“O Jerusalem, Jerusalem, killing the prophets and stoning those who are sent to you! How often would I have gathered your children together as a hen gathers her brood.
“Excessive and disproportionate”
“O Jerusalem, Jerusalem, killing the prophets and stoning those who are sent to you! How often would I have gathered your children together as a hen gathers her brood under her wings, and you would not! Behold, your house is forsaken and desolate” (Matthews 23, 37-38). Jesus spoke those words before he went to Jerusalem for the last time. Similar words might have been just as befitting at Passover time last week, almost 2,000 years later.
While American television focused on the usual Good Friday and Easter rituals here and at the Vatican, the brutal realities of the bloodshed in the Holy Land did not seem to disturb the festive mood of America’s Easter parades. CNN had no time to give the carnage in occupied Palestine its “complete in-depth” coverage. CNN barely mentioned the Israeli helicopters firing precision missiles into the overcrowded quarters of Gaza. Secretary of State Colin Powell, however, did call the assaults “excessive and disproportionate” in comparison to the violence caused by Palestinian resistance. Since billions of American dollars are providing Israel’s weapons, the extent of the killing since the outbreak of the al-Aqsa intifada is particularly discomforting news for the American taxpayer: 400 Palestinians and 72 Israelis killed, over a thousand wounded, and millions of dollars worth of destroyed buildings.
“We are celebrating the Death and Resurrection of Jesus Christ,” wrote Father Dr. Louis Hazboun, the priest of the Latin Church of Visitation in Zababdeh near Nablus. “This feast has special meaning this year for us who are in a situation of deep oppression from military occupation and economic deprivation. The words of peace so long promised by our leaders remain unfulfilled. We are isolated; we are cut off from the world, cut off from our neighbors, cut off from each other. We are facing the darkness of death–physical, political, national.”

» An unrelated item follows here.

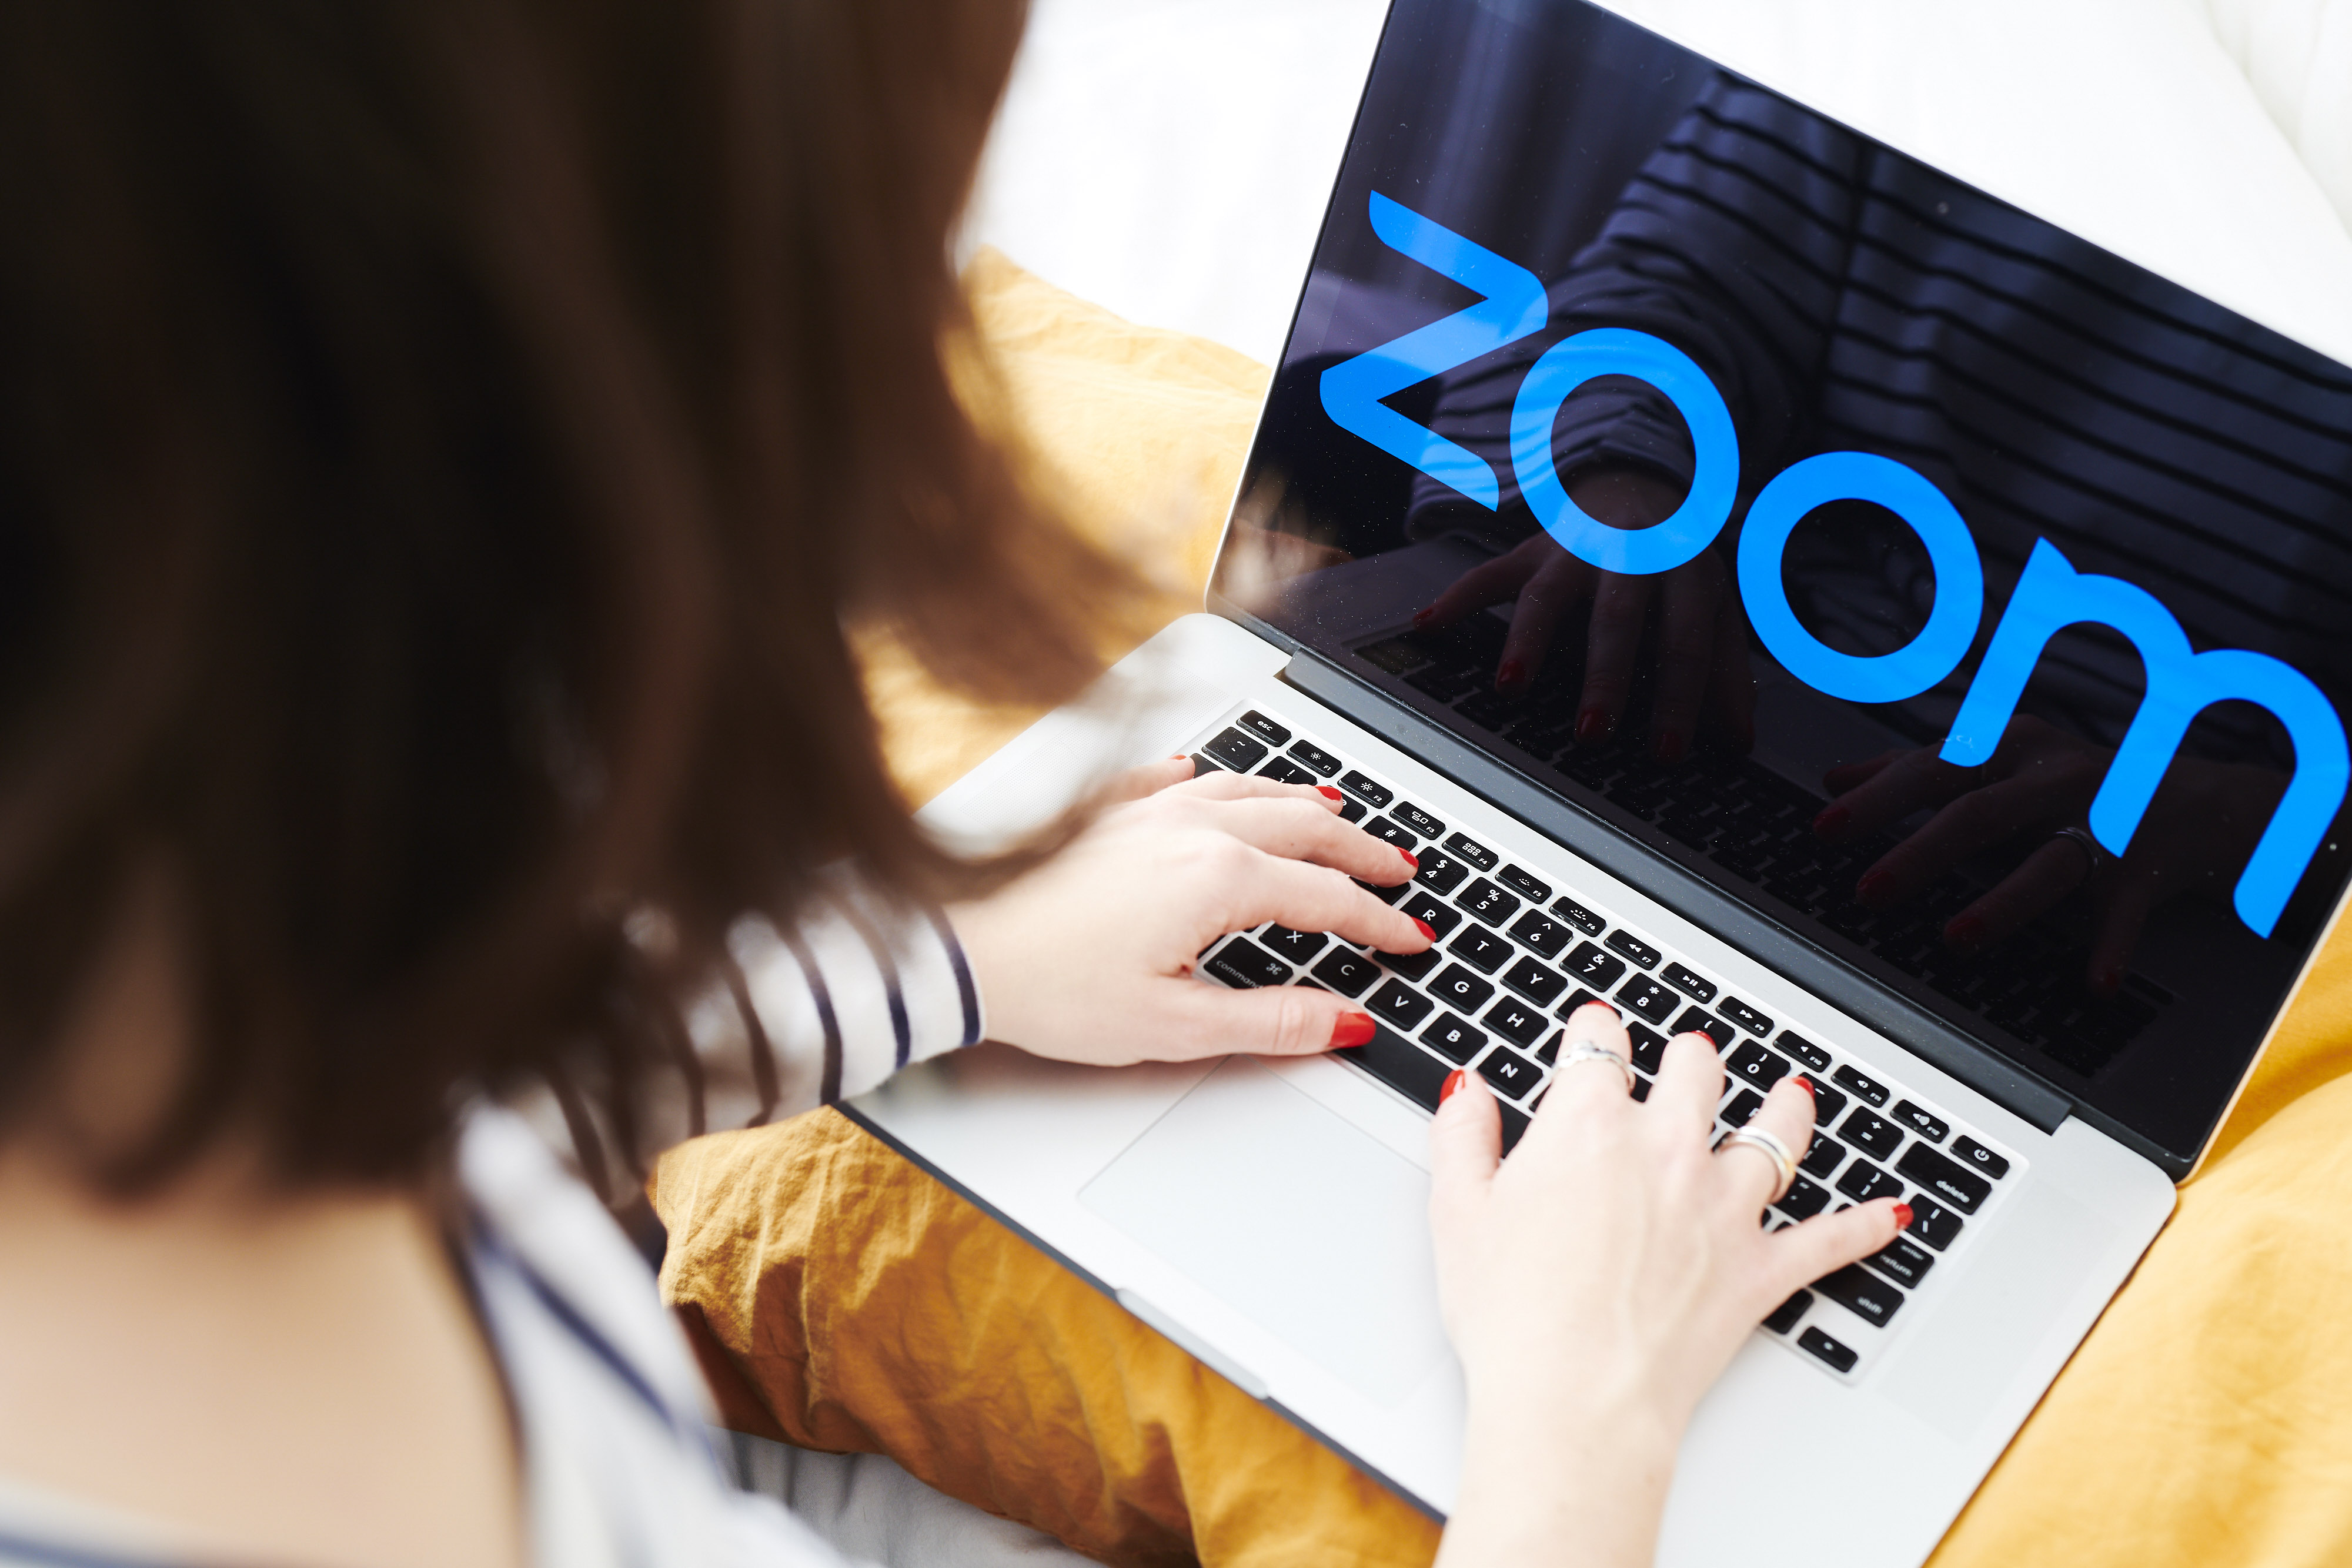 The logo for the Zoom Video Communications Inc. application

The only foreign leader who took pity on the mourning Palestinians and Israelis was Jordan’s foreign minister, Abdullah Khatib. He went directly to Israeli Prime Minister Ariel Sharon to offer him a plan that might, just might, end the violence. The Palestinians would have reason to stop their uprising, Khatib argued, if Sharon pulled his troops away from the Palestinian towns, removed the travel restrictions, transferred the tax refunds withheld from the Palestinians, and froze the construction of Jewish settlements in the West Bank. Egyptian President Hosni Mubarak had made a similar proposal in his meeting with President Bush.
While Bush remained non-committal, Sharon’s response was unequivocal: No quid pro quo. There will be no compromise and no peace talks unless the Palestinians unilaterally end their uprising. Yet, they had started the stone throwing because the peace talks failed to give them genuine national independence. Now Sharon is asking the same Palestinians to stop throwing stones without giving them any kind of promise of an end to the Israeli occupation. How can Sharon and his allies in Israel and the United States ever hope to end the conflict if they do not offer the Palestinians a normal national existence with full control over their own territory? Unless the hardliners believe that they can keep the Palestinians indefinitely under Israeli domination, or make them leave their homeland in desperation, there is no peace in sight for decades to come.
The United Nations defines terrorism as violence against third parties who are non-participants in military conflicts. By that standard, both Palestinians and Israelis are committing terrorist acts almost daily, the former as suicide bombers, the latter with helicopter gunships.
Mrs. Suad Younan, the principal of the Helen Keller School for the Blind in Jerusalem, recently bemoaned the widespread anguish in the Holy Land when she wrote: “As a mother, I call upon all mothers in the world to intervene and stop the spiral of violence in the Middle East. We do not want the children of Palestine or Israel killed or grow up in hatred, revenge, and fear. When I see that a child is killed, I see my own children. I appeal to the good-willed politicians in the U.S.A., Europe, and other parts of the world … not merely to issue statements but to do the utmost possible to bring comprehensive just peace to our country.”
Are Americans and Europeans not willing to take such messages serious?